AncientS-ABM is an agent-based model for simulating and evaluating the potential social organization of an artificial past society, configured by available archaeological data. Unlike most existing agent-based models used in archaeology, our ABM framework includes completely autonomous, utility-based agents. It also incorporates different social organization paradigms, different decision-making processes, and also different cultivation technologies used in ancient societies. Equipped with such paradigms, the model allows us to explore the transition from a simple to a more complex society by focusing on the historical social dynamics; and to assess the influence of social organization on agents’ population growth, agent community numbers, sizes and distribution.
AncientS-ABM also blends ideas from evolutionary game theory with multi-agent systems’ self-organization. We model the evolution of social behaviours in a population of strategically interacting agents in repeated games where they exchange resources (utility) with others. The results of the games contribute to both the continuous re-organization of the social structure, and the progressive adoption of the most successful agent strategies. Agent population is not fixed, but fluctuates over time, while agents in stage games also receive non-static payoffs, in contrast to most games studied in the literature. To tackle this, we defined a novel formulation of the evolutionary dynamics via assessing agents’ rather than strategies’ fitness.
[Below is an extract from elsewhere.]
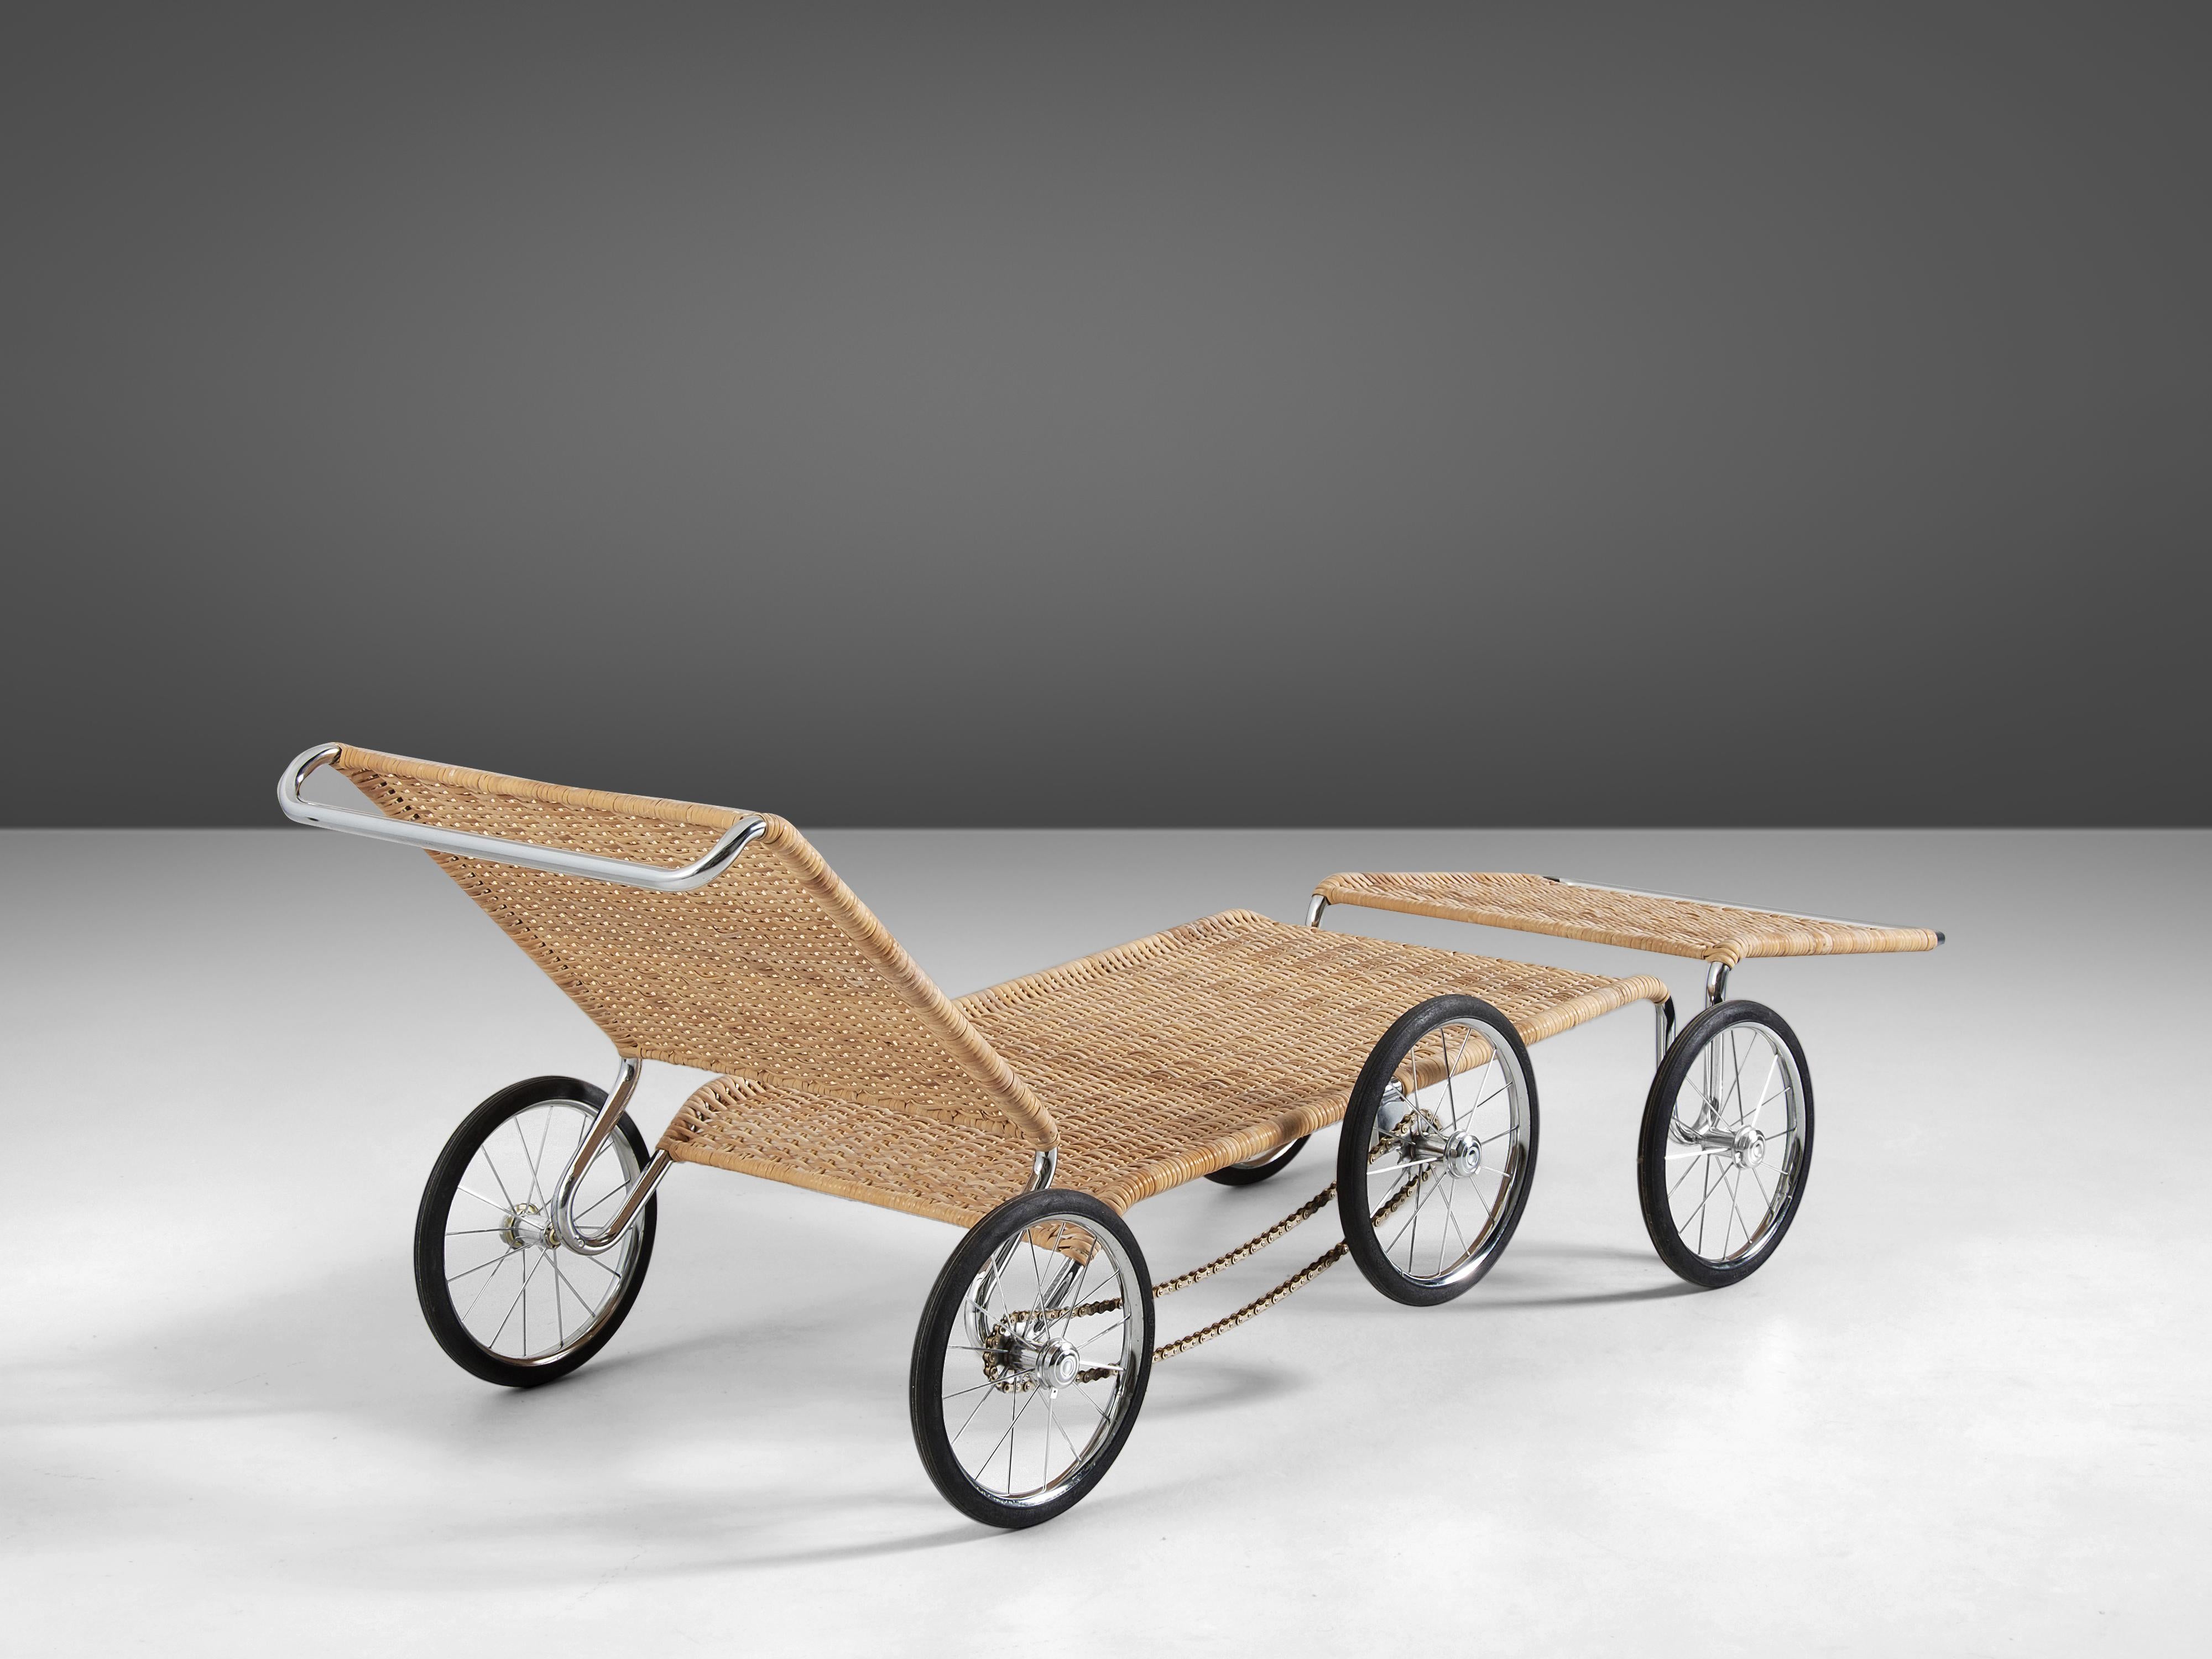 Steel Marcel Breuer for Tecta 'The Mobile Manifesto' Chaise Longue in Cane Wicker  For Sale

As a case study, we employ AncientS-ABM to evaluate the impact of the implemented social organization paradigms on an artificial Bronze Age “Minoan” society, located at different geographical parts of the island of Crete, Greece. Model parameter choices are based on archaeological evidence and studies, but are not biased towards any specific assumption. Results over a number of different simulation scenarios demonstrate better sustainability for settlements consisting of and adopting a socio-economic organization model based on self-organization, where a “heterarchical” social structure emerges. Results also demonstrate that successful agent societies adopt an evolutionary approach where cooperation is an emergent strategic behaviour. In simulation scenarios where the natural disaster module was enabled, we observe noticeable changes in the settlements’ distribution, relating to significantly higher migration rates immediately after the modeled Theran eruption. In addition, the initially cooperative behaviour is transformed to a non-cooperative one, thus providing support for archaeological theories suggesting that the volcanic eruption led to a clear breakdown of the Minoan socio-economic system.
Finally, we observe that modeling a trading network that favours settlements’ importance rather than distance between settlement locations, can produce settlement patterns similar to the one that exist in archaeological record. The existence of some important resource-distribution centers, with possibly a strong hierarchy during the Early and Middle Minoan period, as well as significant resource-aggregation centers during the Late Minoan period, also arise as plausible possibilities via our agent-based model.
– An agent-based model for simulating inter-settlement trade in past societies
In this version of AncientS-ABM, we are modeling the exchange and distribution across agent communities, by incorporating a trading sub-model which enables two different spatial interaction models . As such, the model allow us to explore the resulting trading network’s efficiency and its evolution at different points in time. We further utilize ideas from graph theory to analyze the trading network’s structure, seeking to provide insights on the artificial society’s organization on a higher level. Finally, we also enable the natural disaster sub-model, for studying the impact of the volcanic eruption of Thera (Santorini) at the organization of an artificial Minoan society, located at the wider area of Knossos, Crete, Greece.